MHP Lideri Devlet Bahçeli, konuşmasının sonuna doğru söylediği, "Umarım bu AKP'nin son bütçesi olur" sözlerine Erdoğan gülerek tepki gösterirken, Genel Kurul salonunda bazı AK Parti'li milletvekilleri ise, "olur tabi, çok beklersin" şeklinde tepkilerini gösterdiler. Bahçeli konuşmasını tamamladıktan sonra, kürsüden ayrılmadan Bakanlar Kurulu sıralarına dönerek Erdoğan'ı başıyla selamladı. Erdoğan da önce başıyla selam verdi ardından bir iki saniye de olsa Bahçeli'nin konuşmasını alkışladığı gözlendi
Bahçeli, 2011 Yılı Merkezi Bütçe Kanun Tasarısı üzerine yaptığı konuşmasına, son dönemde üniversitelerde yaşanan gelişmelere değinerek başladı.

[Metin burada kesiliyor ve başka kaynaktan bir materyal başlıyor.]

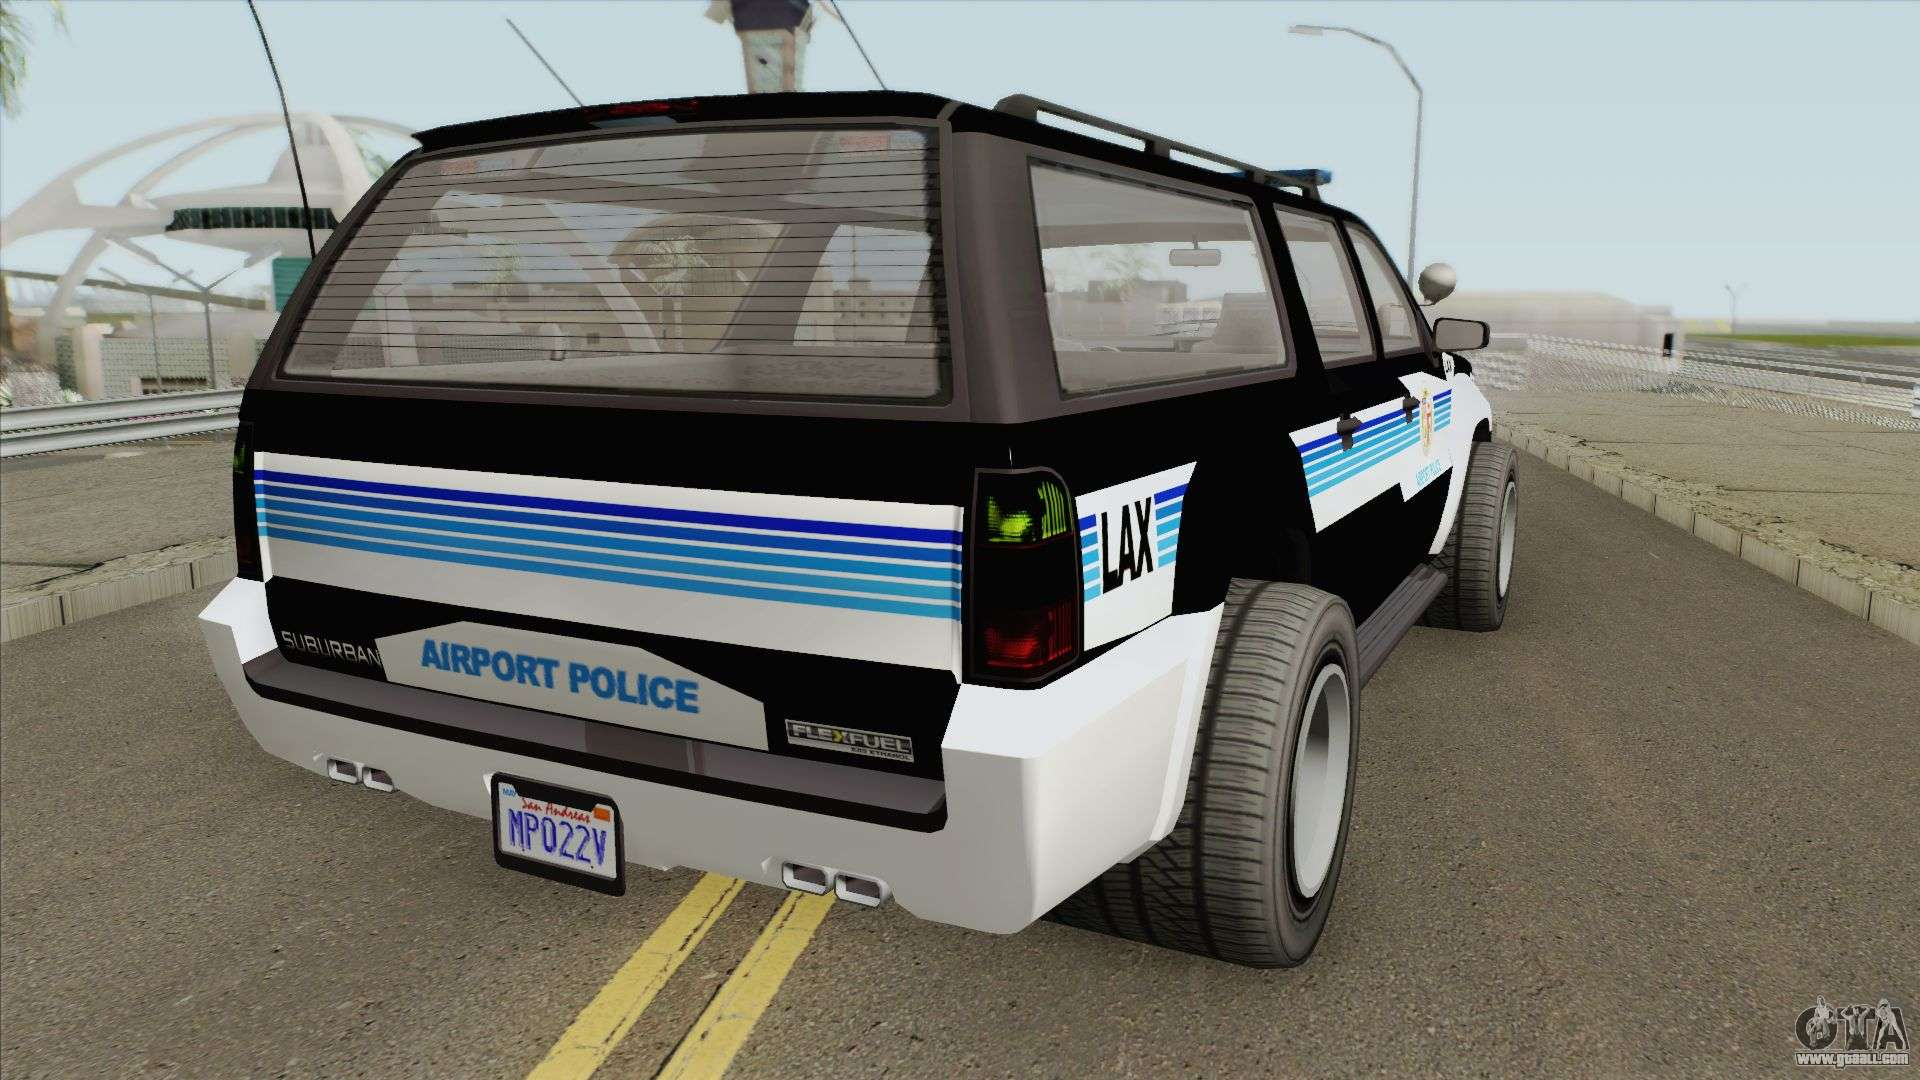 Chevrolet Suburban Lax Airport Police For Gta San Andreas

Yükseköğretim gençliği ve üniversitelerin Türk milletinin en dinamik, hassas, heyecanlı ve tahriklere açık kesimlerinin başında geldiğini belirten Bahçeli, ''Türkiye üzerinde hesap yapanların yöneleceği ve istismar etmeyi düşüneceği en önemli kaynağın üniversite gençliği olduğu yaşadığımız ve ağır bedeller ödediğimiz deneyimlerimizle ortadadır'' dedi.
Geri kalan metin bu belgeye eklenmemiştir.